# How to complete this task:
Starting at the line that contains "ROYCE' Chocolate - ROYCE'", transcribe every remaining line of the data below exactly, and omit all pictures.

# Dataset excerpt:

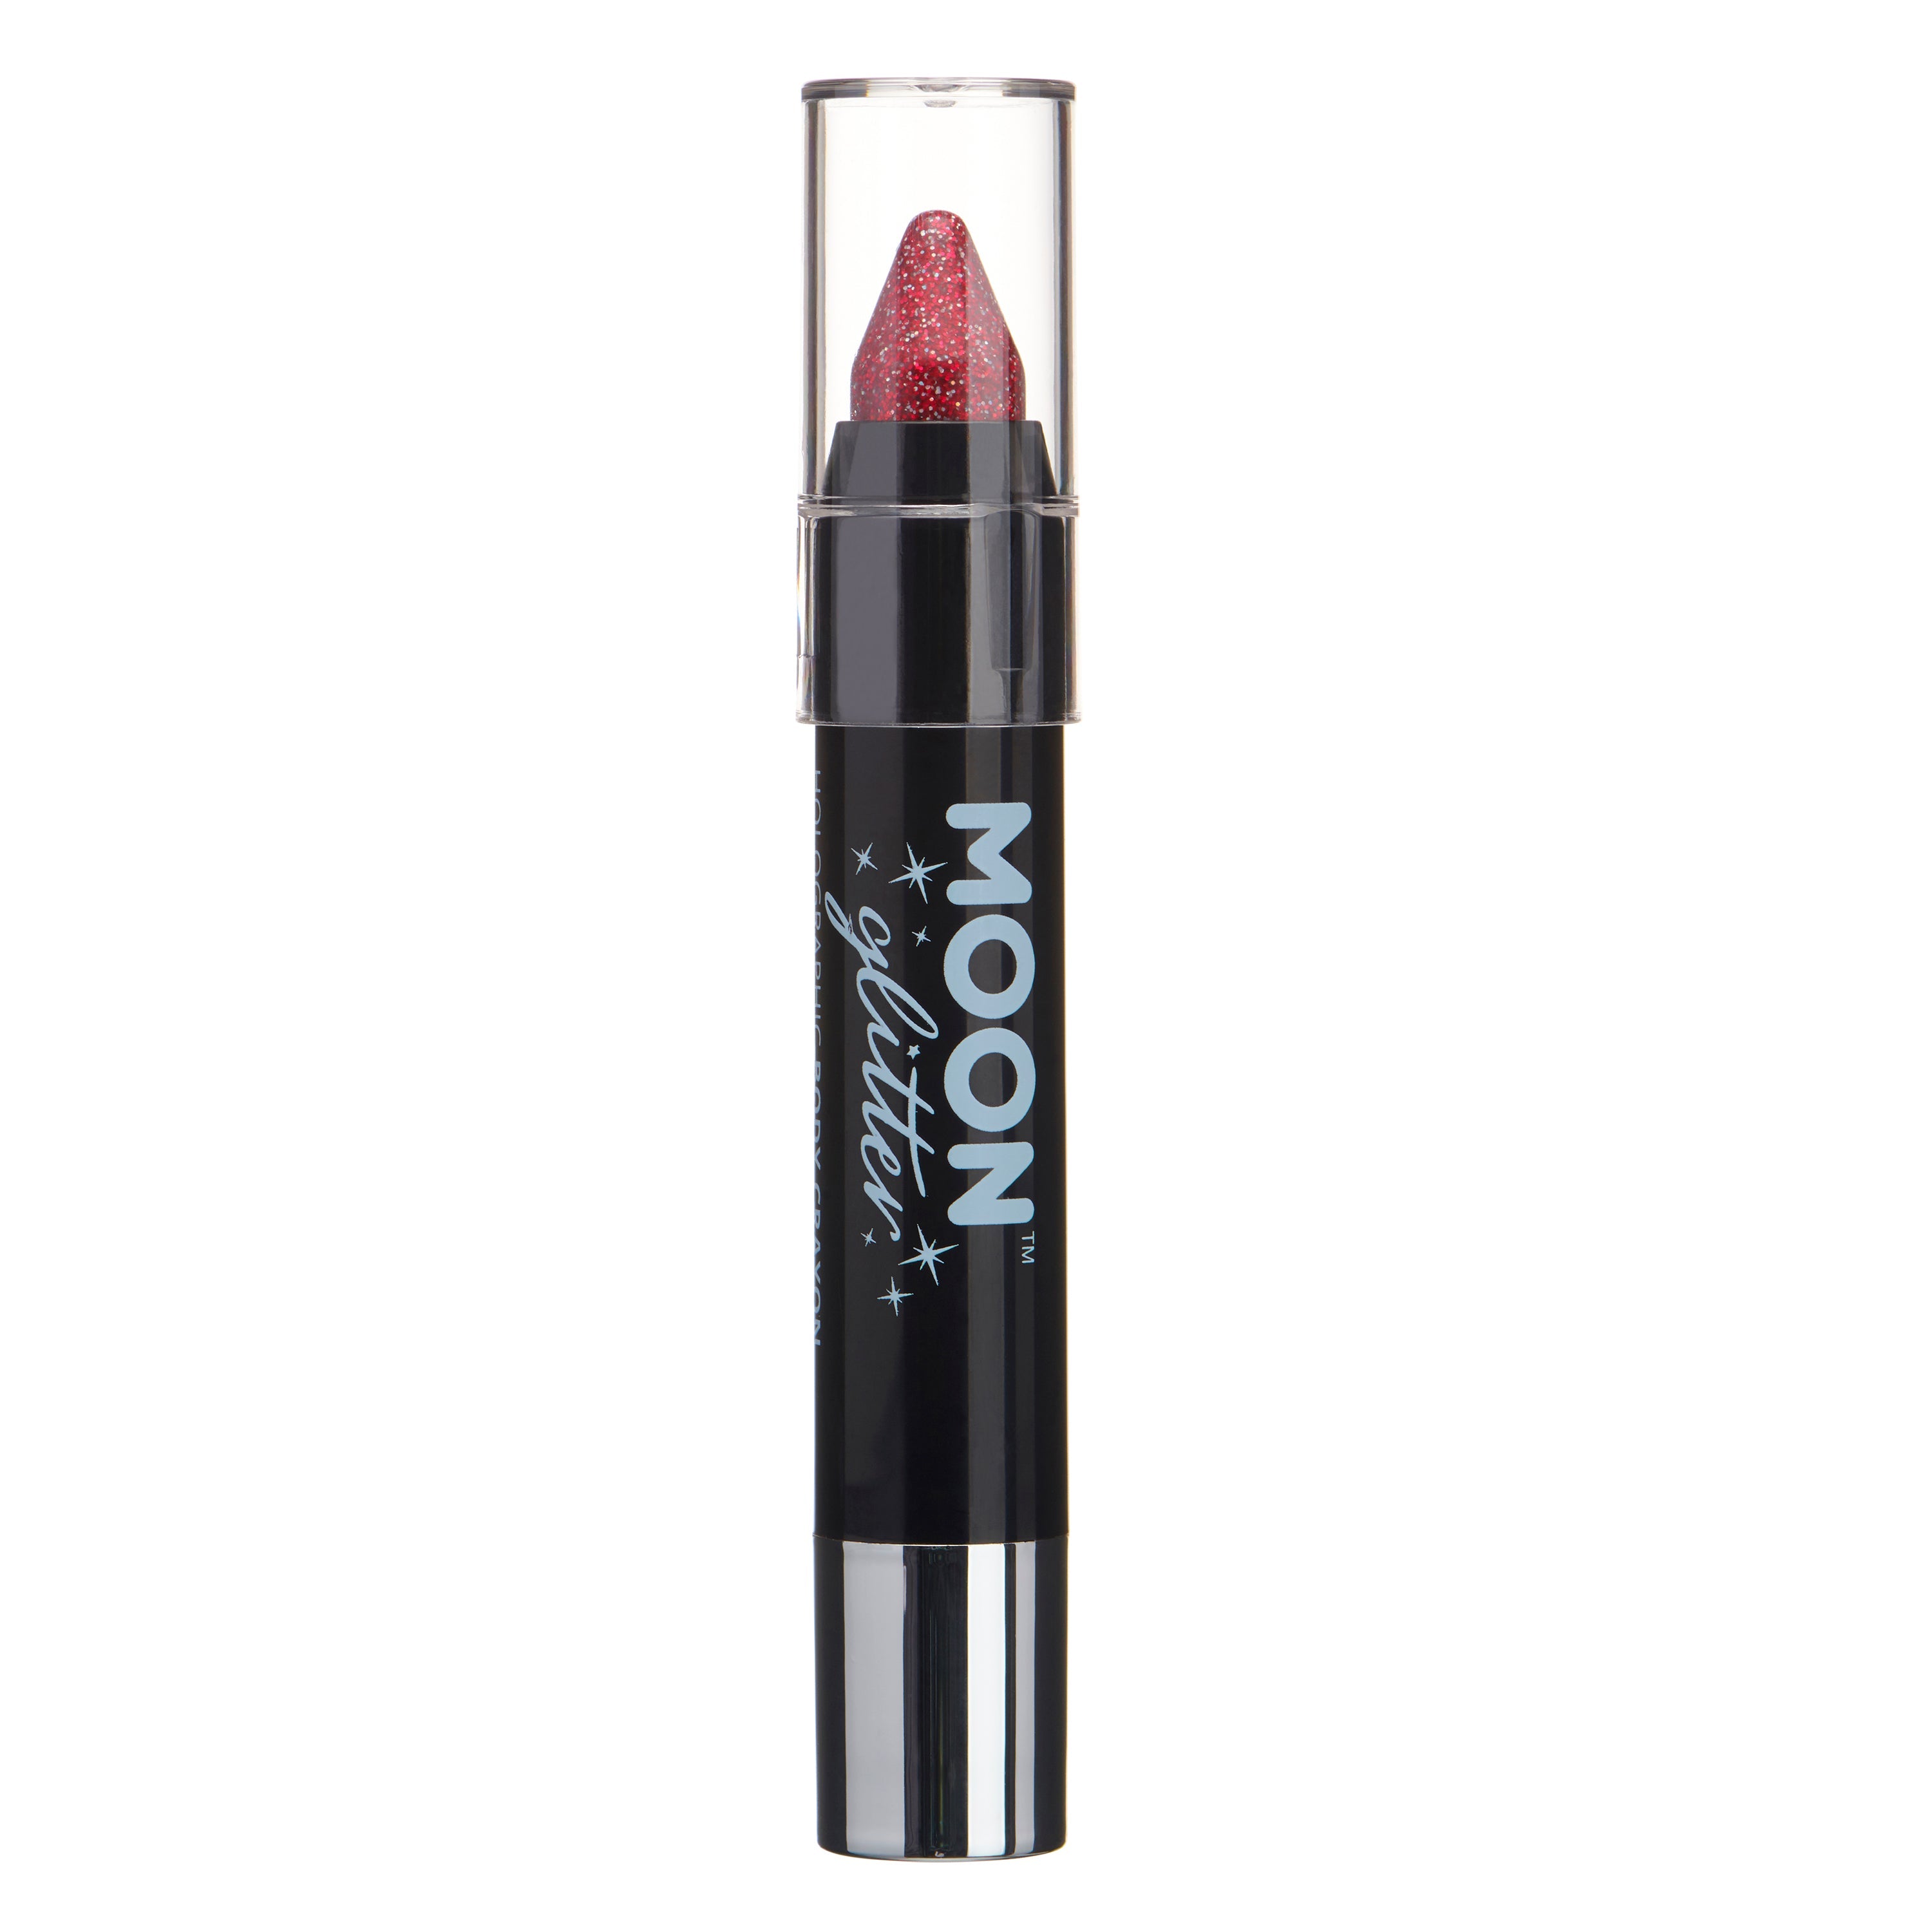 Red - Holographic Glitter Face & Body Crayon, 3.5g. Cosmetically certified, FDA & Health Canada compliant and cruelty free.
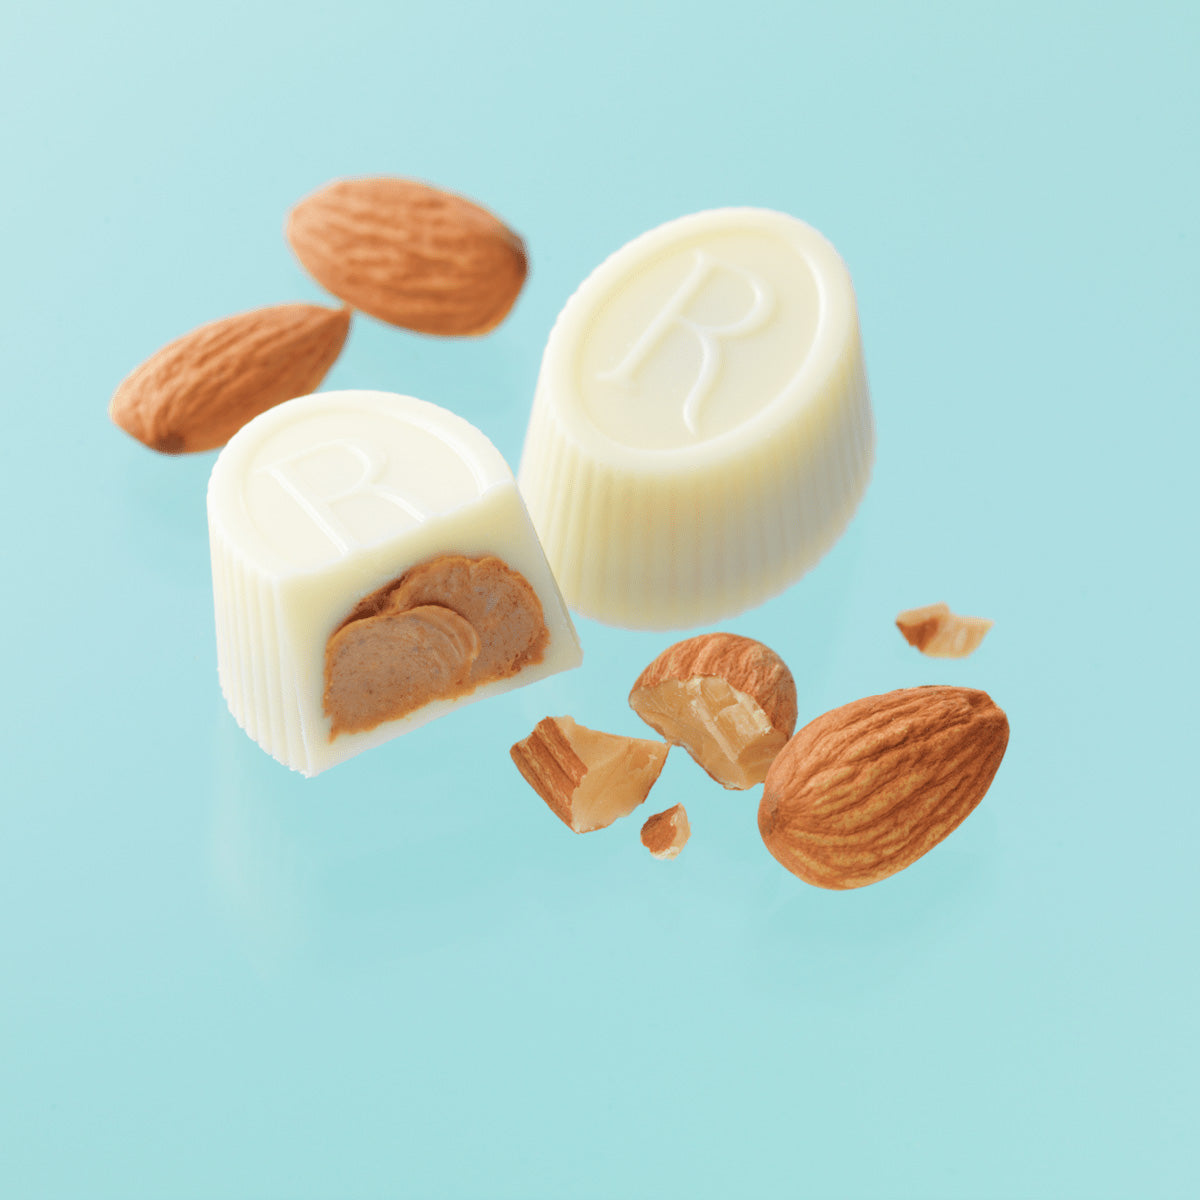 ROYCE' Chocolate - ROYCE' R Chocolat "White Gianduja" - Image shows white chocolate cups filled with a brown cream. Accents are loose almonds. Background is in light blue color.
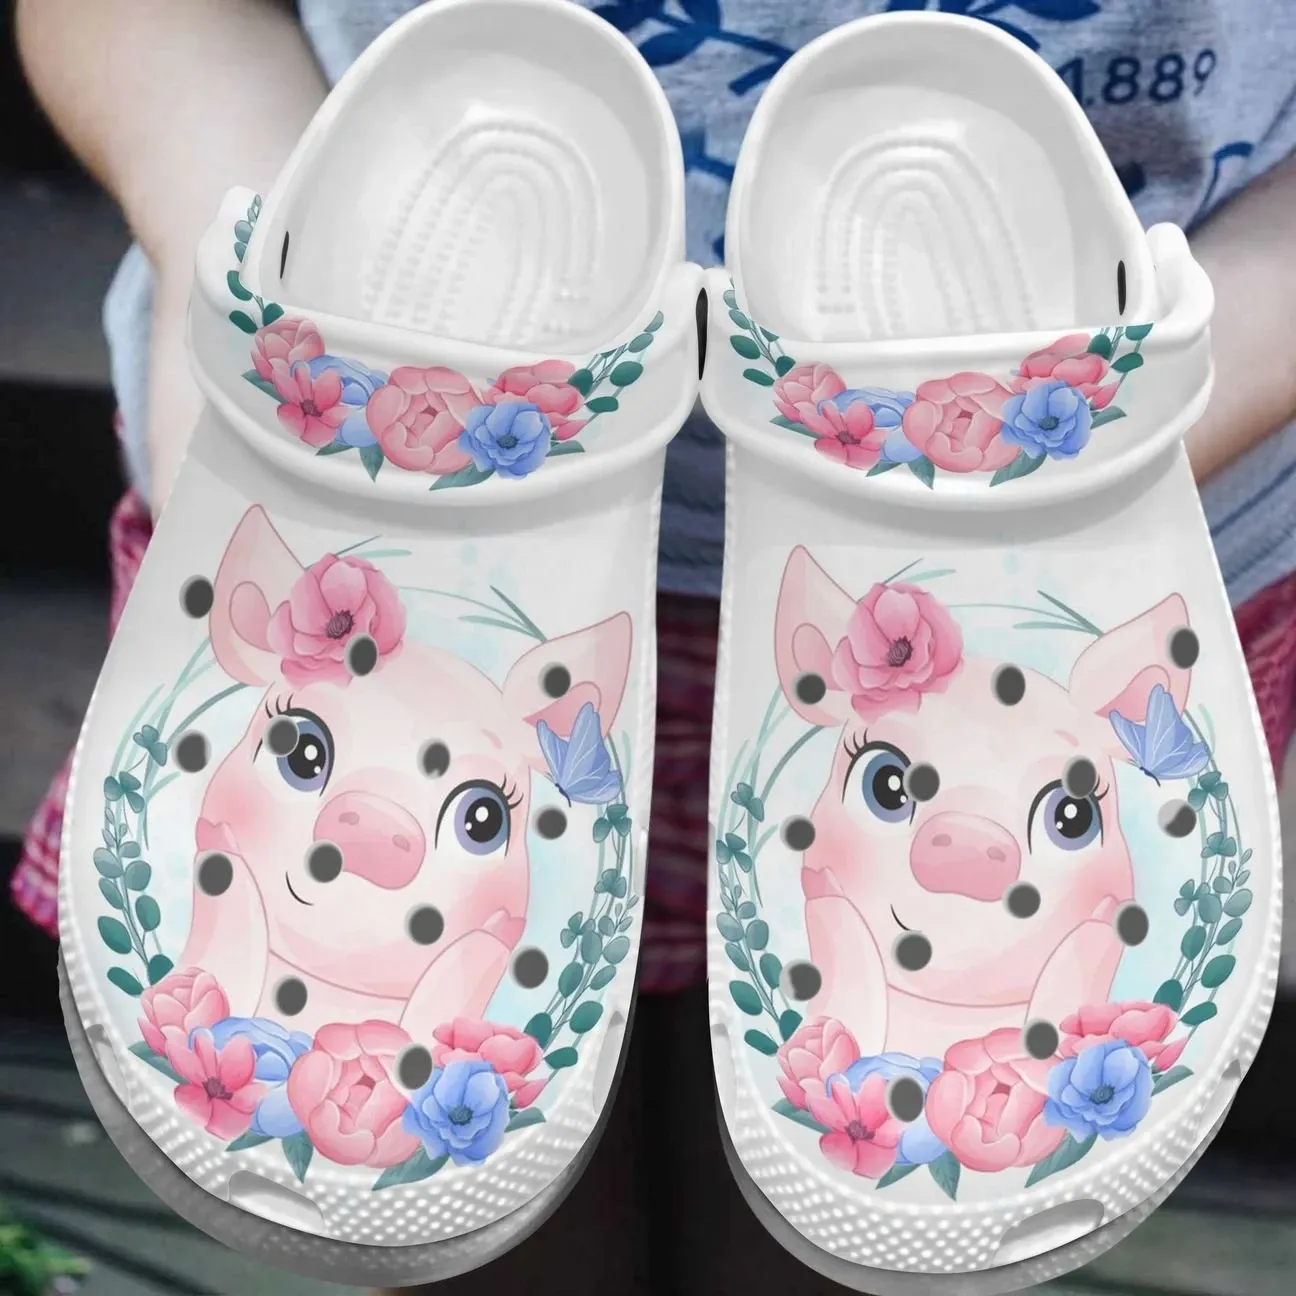 Pig Personalize Clog Custom Crocs Fashionstyle Comfortable For Women Men Kid Print 3D Baby Pig

# Task solution:
 ROYCE' Chocolate - ROYCE' R Chocolat "White Gianduja" - Image shows white chocolate cups filled with a brown cream. Accents are loose almonds. Background is in light blue color.
 Pig Personalize Clog Custom Crocs Fashionstyle Comfortable For Women Men Kid Print 3D Baby Pig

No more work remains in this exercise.